*TASK OBJECTIVE*:
The material beneath this line should be printed exactly, with its pictures omitted.

++++ RECORDED INFORMATION

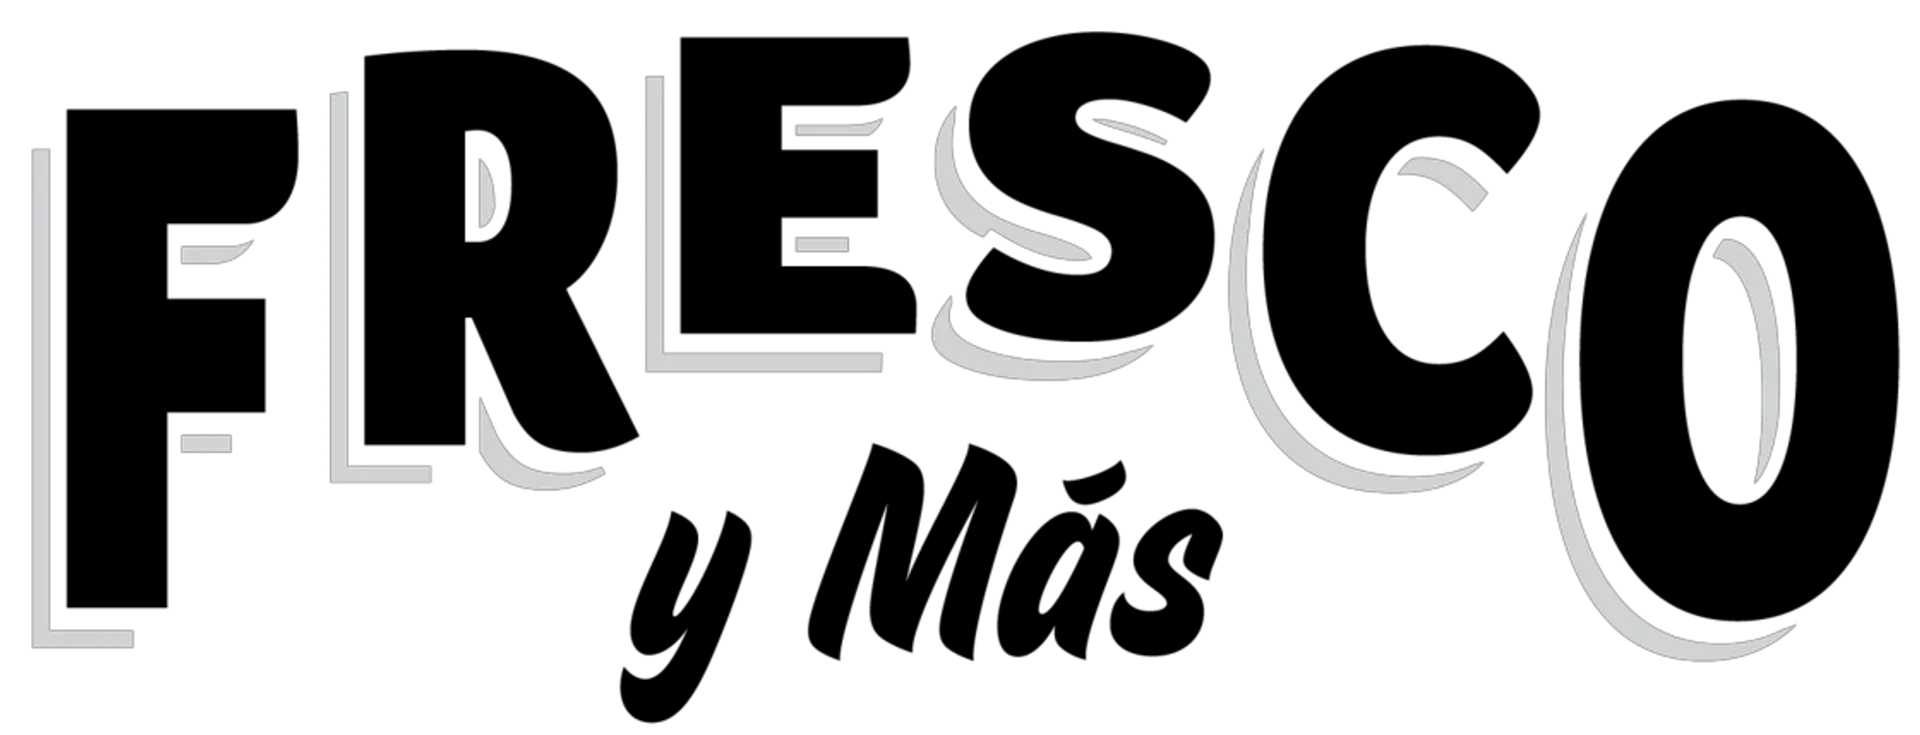 FRESCO Y MÁS logo. Current weekly ad
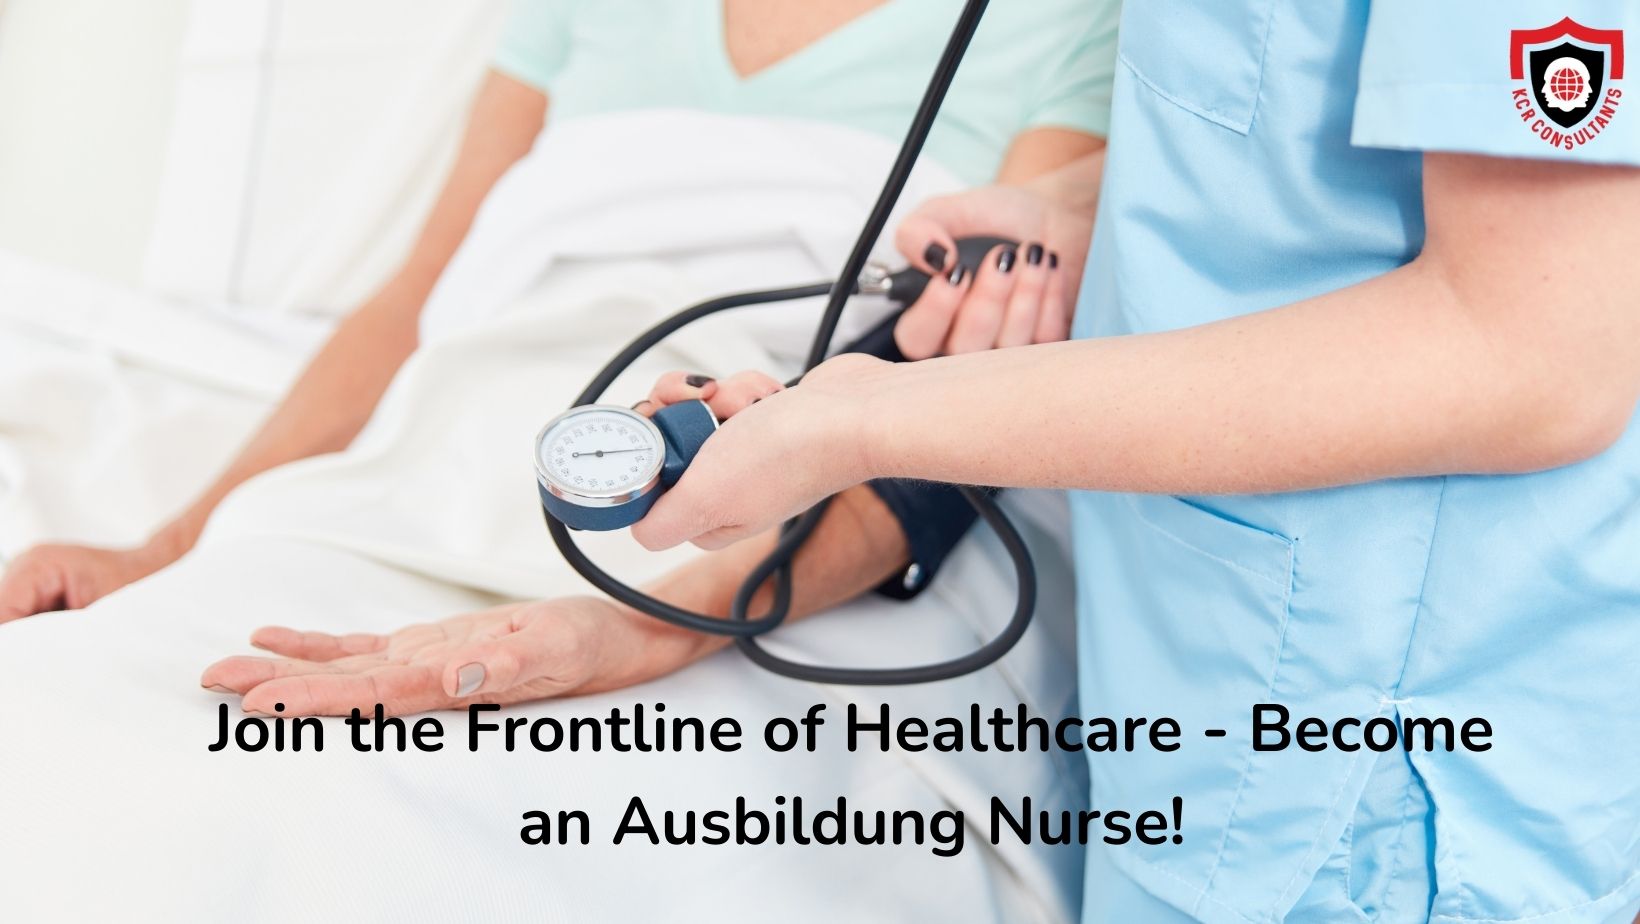 Ausbildung Nursing - KCR CONSULTANTS - Nursing Jobs in Germany
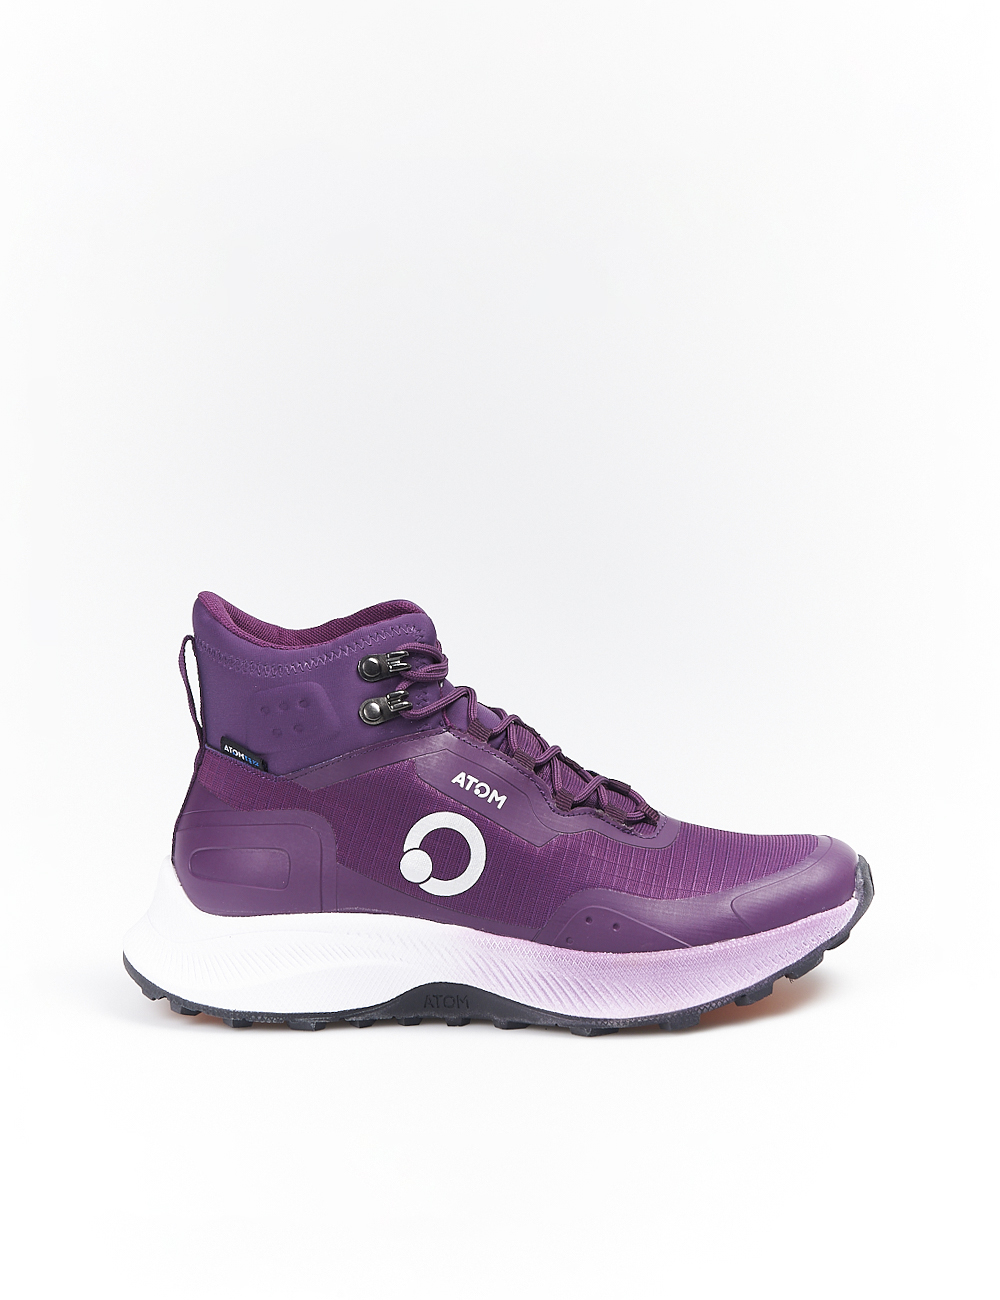 Zapatillas Abotinadas Atom By Fluchos At115 - Lila - Sneakers Para Mujer  MKP

++++++++

*TASK SOLUTION*:
 FRESCO Y MÁS logo. Current weekly ad
 Ausbildung Nursing - KCR CONSULTANTS - Nursing Jobs in Germany
 Zapatillas Abotinadas Atom By Fluchos At115 - Lila - Sneakers Para Mujer  MKP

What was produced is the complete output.